The PyTorch implementation of paper From CLIP to DINO: Visual Encoders Shout in Multi-modal Large Language Models

Overview

COMM, an MLLM designed to integrate the visual embeddings of CLIP and DINOv2 with Multi-level features Merging for enhancing the visual capabilities of multi-modal large language model.

News

[10/16] We released From CLIP to DINO: Visual Encoders Shout in Multi-modal Large Language Models, which is designed to integrate CLIP and DINOv2 with multi-level features merging for enhancing visual capabilities of MLLMs. Checkout the paper. (We have added the pdf of the paper in /images folder)
[10/18] We apologized that the paper and code are under the corporation's legal review. The code release will be delayed.

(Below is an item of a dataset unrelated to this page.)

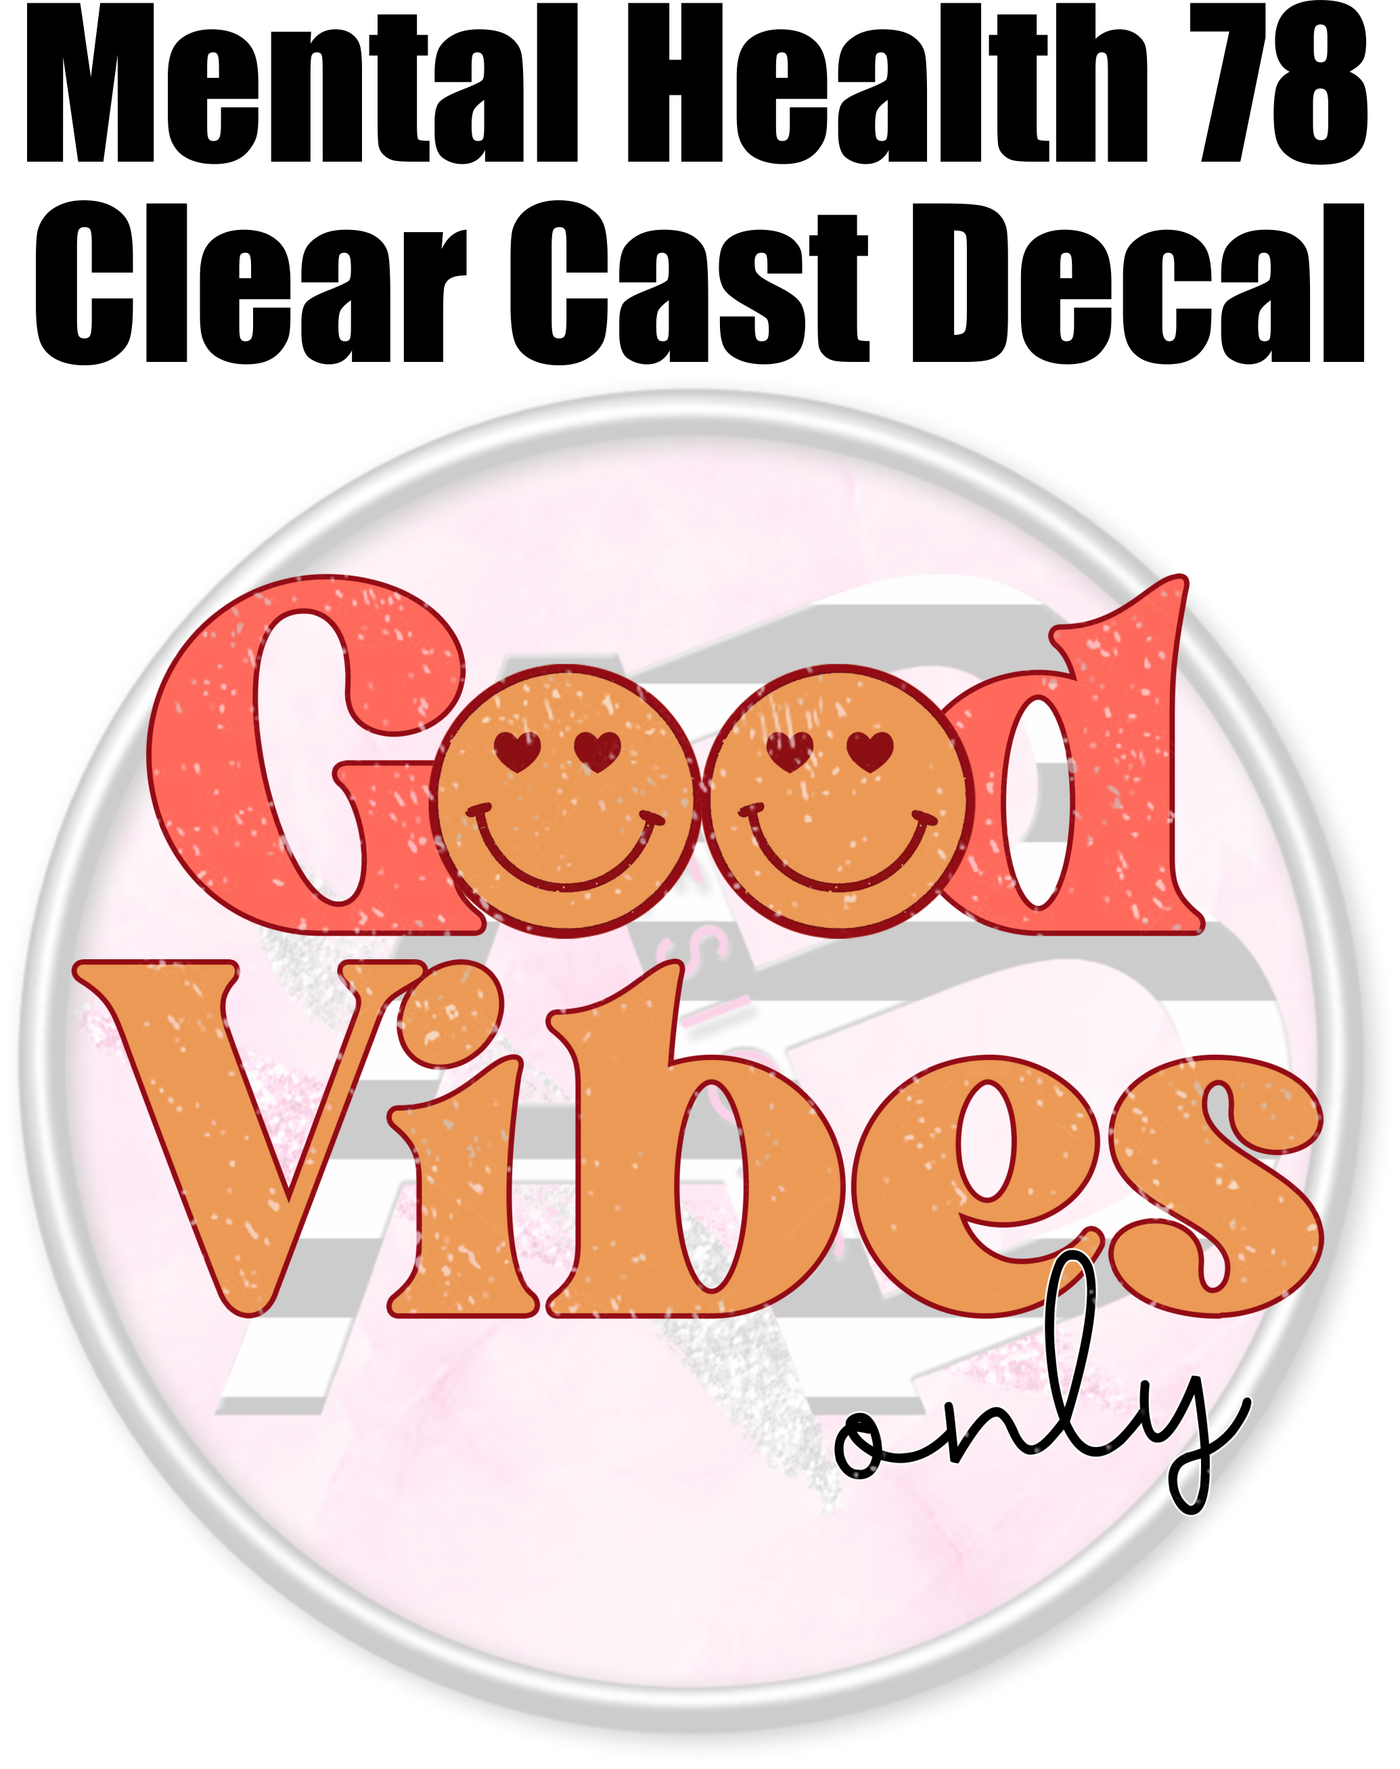 Mental Health 78 - Clear Cast Decal-462

Thanks for your patience!

Performance

We evaluate the model's multi-modal capabilities on five major categories of multi-modal tasks: Referring Expression Comprehension, Referring Expression Generation, Object Hallucination Benchmark, Visual Question Answering and Image Captioning. Our COMM achieves SOTA performance on multiple VL tasks as follows.

Examples

Citation

Please cite our paper if the code is helpful to your research.

@article{jiang2023from,
    author = {Jiang, Dongsheng and Liu, Yuchen and Liu, Songlin and Zhang, Xiaopeng and Li, Jin and Xiong, Hongkai and Tian, Qi},
    title = {From CLIP to DINO: Visual Encoders Shout in Multi-modal Large Language Models},
    journal={arXiv preprint arXiv:2310.08825},
    year = {2023}
}

Acknowledgement

LLaVA and Shikra: The codebase we built upon, which have the amazing multi-modal capabilities!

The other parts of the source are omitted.